Esce per i tipi di Tyche Caravaggio a Siracusa 1608 di Paolo Giansiracusa che – nomen omen, verrebbe da dire – più di ogni altro fra gli studiosi locali ha rivolto la sua attenzione alla monumentale pala che l'artista lascio nella città aretusea. L'opera si presenta come un agile librino, dal formato e volume contenuti (96 pp.), scorrevole nella lettura e vivacizzato da un calzante apparato iconografico. 
L'autore ha così l’opportunità di portare a un pubblico più ampio quanto in sostanza edito in precedenti occasioni e raccolto ultimamente in versione ampliata negli atti, altrimenti non facilmente reperibili, delle giornate di studio del 2010 tenutesi alla chiesa della Badia, nel IV centenario della morte dell’artista. 

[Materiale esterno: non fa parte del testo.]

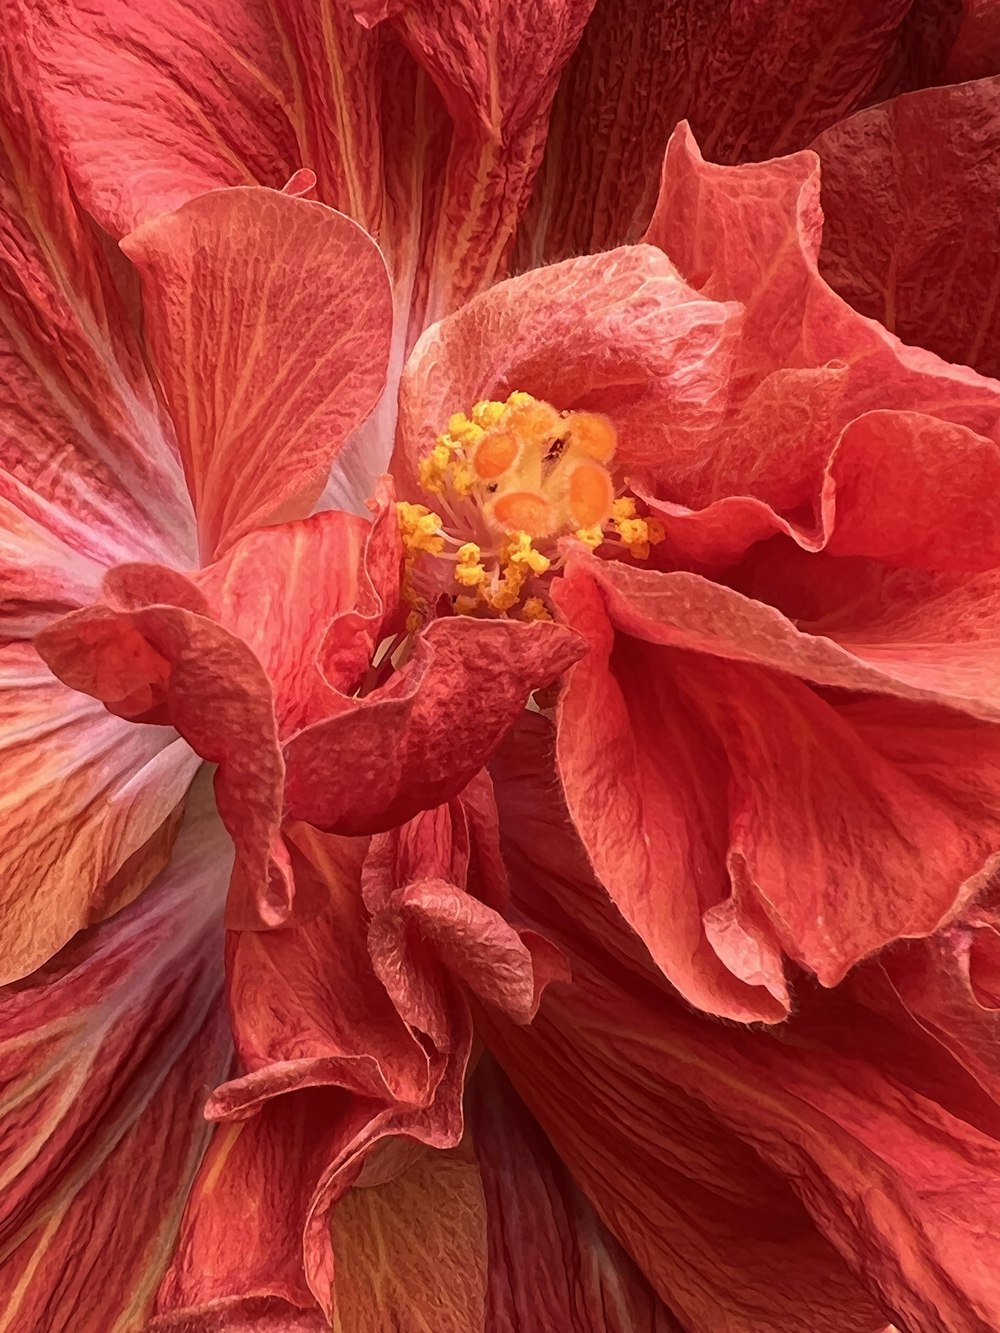 a large red flower with a yellow center

Il testo, al di là di ciò che può lasciare immaginare il titolo, è incentrato in una lettura critico-iconografica del Seppellimento di santa Lucia, più che in una narrazione intorno al soggiorno aretuseo di Merisi, su cui del resto non c’è molto da raccontare, stante le rare fonti disponibili. Eppure qualcosa di nuovo si era provato a dire, in una recente uscita (2013); Caravaggio siracusano di Katia Savarino, questo il titolo, era in sostanza la riedizione un po’ più aggiornata di una tesi di laurea del 2001, integrata in particolare dalla pubblicazione – a dire il vero poco chiara nella sua illustrazione – di un documento attestante rapporti fra Vincenzo Mirabella (l'intellettuale che accompagnò Caravaggio alla scoperta dei dintorni di Ortigia) e il senato cittadino, che secondo il biografo Susinno commissionò la pala su intercessione di Mario Minniti (per quest’ultimo, giusto un accenno nel libro). Questo nuovo elemento sembra andare in direzione della tesi, in controtendenza, lanciata da Ferdinando Bologna e sviluppata con nuove argomentazioni da Enzo Papa, secondo cui committente dell'opera sarebbe stato proprio Mirabella. 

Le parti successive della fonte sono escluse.